Teaching Algorithmic Thinking to Pupils


Date: Tuesday, April 2, 2019

As part of my degree at University of Liverpool, I am teaching Year 9 & 10 pupils on Wednesdays. The fact that I will be able to share my passion for Computer Science and ignite that passion in pupils has served me as an incentive to get into teaching. Having delivered 3 lessons already, I need to point out that teaching Computer Science is a completely different experience and working with pupils is challenging but rewarding.

Why algorithms?

When planning the delivery lesson, I chose algorithmic paradigms and time efficiency as the main topic of the lesson. I firmly believe that getting to grips with the basic concepts is vital towards becoming a good computer scientist. No matter how fast your CPU is, how much RAM you have, it’s all in vain if the underlying algorithms of the produced software are inefficient. Personally, I think that it is a good practice to take the time to design and then implement the algorithm rather than directly coding the solution. I concur with the sentiment that efficient algorithms lead to efficient programs.

Focus

While there are different algorithmic paradigms in Computer Science, I decided to focus on the following strategies: Greedy approach, where we make the choice that seems to be the best at each step so it leads to a globally optimum solution, and Divide-and-Conquer approach, where we divide a problem into smaller parts, so subproblems are solved independently. Although I enjoy solving problems using Dynamic Programming, where we break down a problem into smaller subproblems, solve each only once and store the intermediate results in a lookup table, I decided not to include it as it might be too advanced for Year 9 & 10 pupils. When exploring a few greedy algorithms, 0-1 Knapsack problem in particular, pupils figured out that it is not always possible to obtain the optimal solution using this approach. In fact, that’s one of the highlights of the lesson, i.e. Greedy algorithms do not always yield a genuinely optimal solution. In addition, I decided to include the Tower of Hanoi problem which can be solved using the Divide-and-Conquer approach, which in fact, is considered to be one of the best-known algorithm design techniques.

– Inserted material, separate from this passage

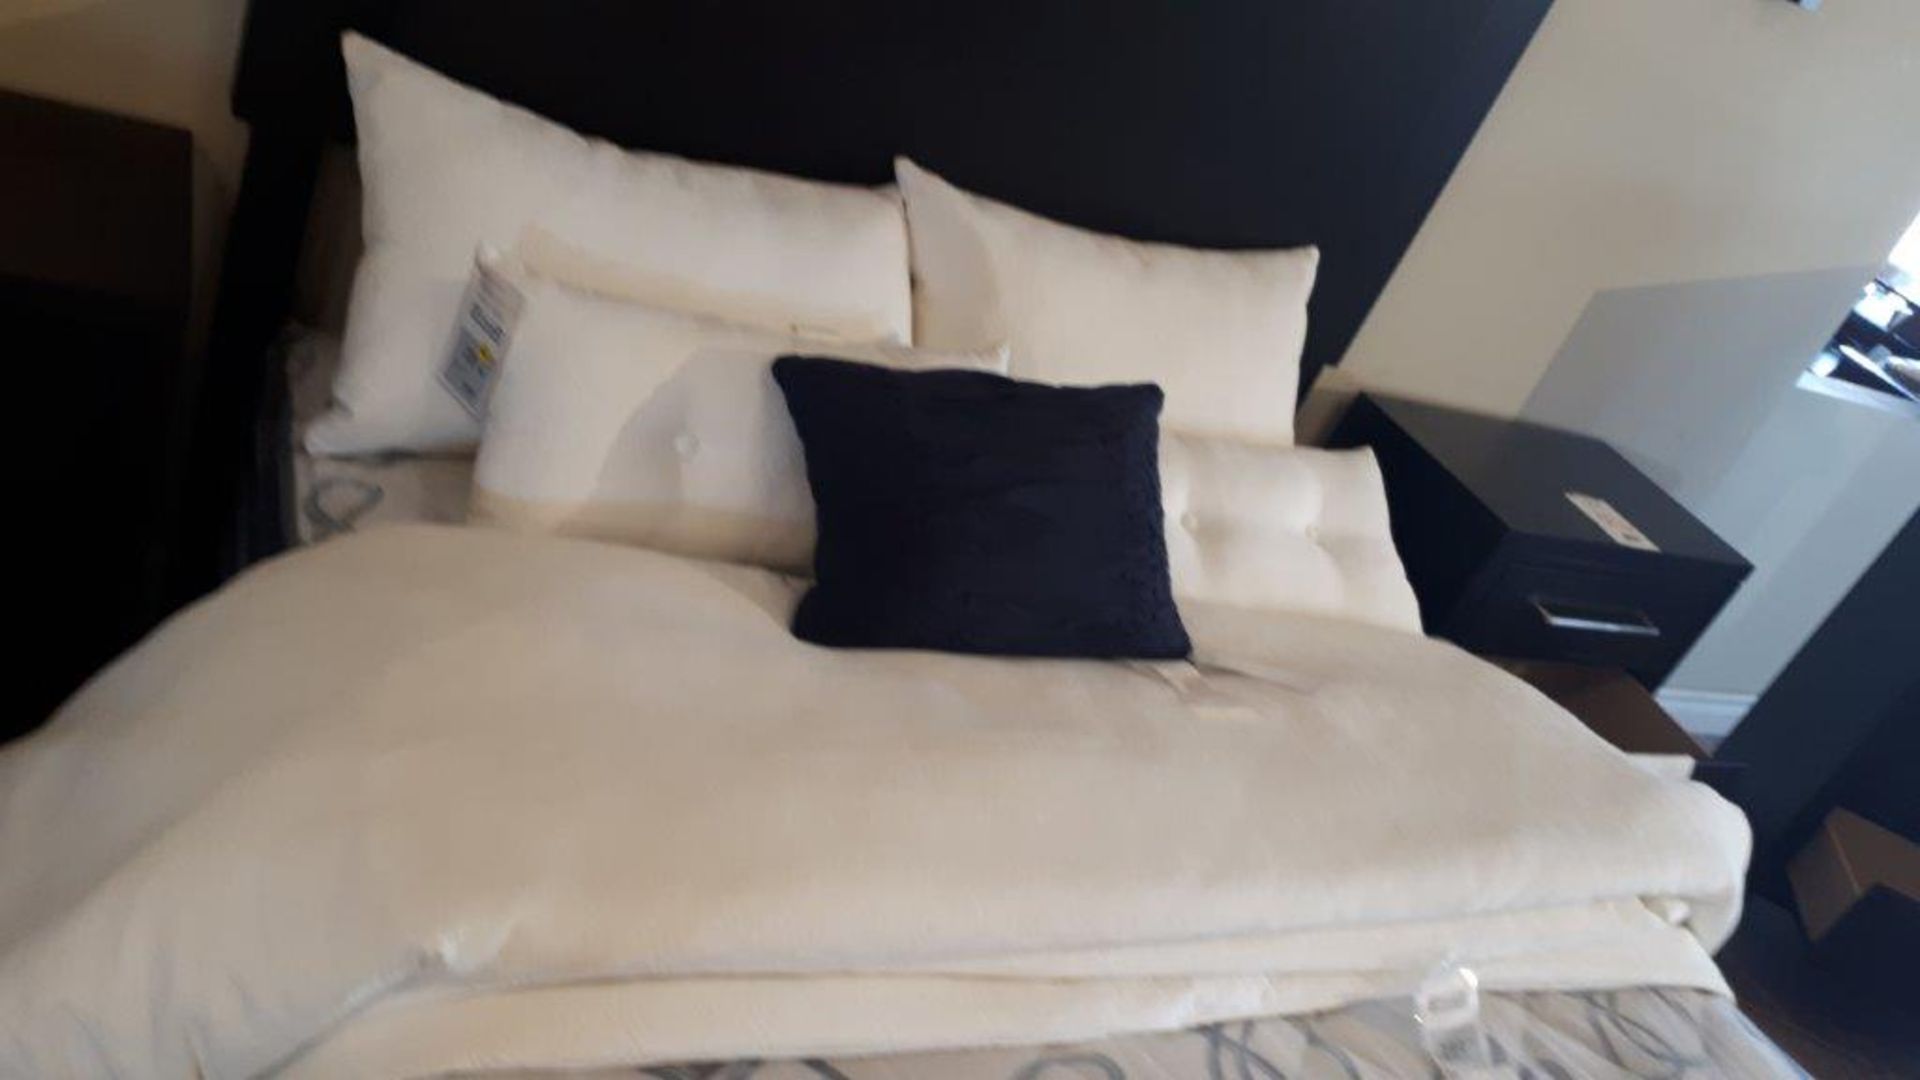 Pillows & sheet - Image 2 of 2

A slide explaining the 0-1 Knapsack problem

Explaining the 0-1 Knapsack problem

Observations

As a result of my observations along with the feedback by the pupils, I came to the conclusion that while many found the Knapsack Problem to be useful but least enjoyable, everyone seemed to have enjoyed solving the Tower of Hanoi problem (http://haubergs.com/hanoi). In addition, although some of the pupils had not heard of the Big-O concept before, they managed to get to grips with the concept and accurately measured the time complexity of the given algorithms.

Although I felt much uncertainty at the very beginning as I did not know what to expect, they have all evaporated after my first interaction with the pupils. I am really glad that I have gone through such an exciting and rewarding experience.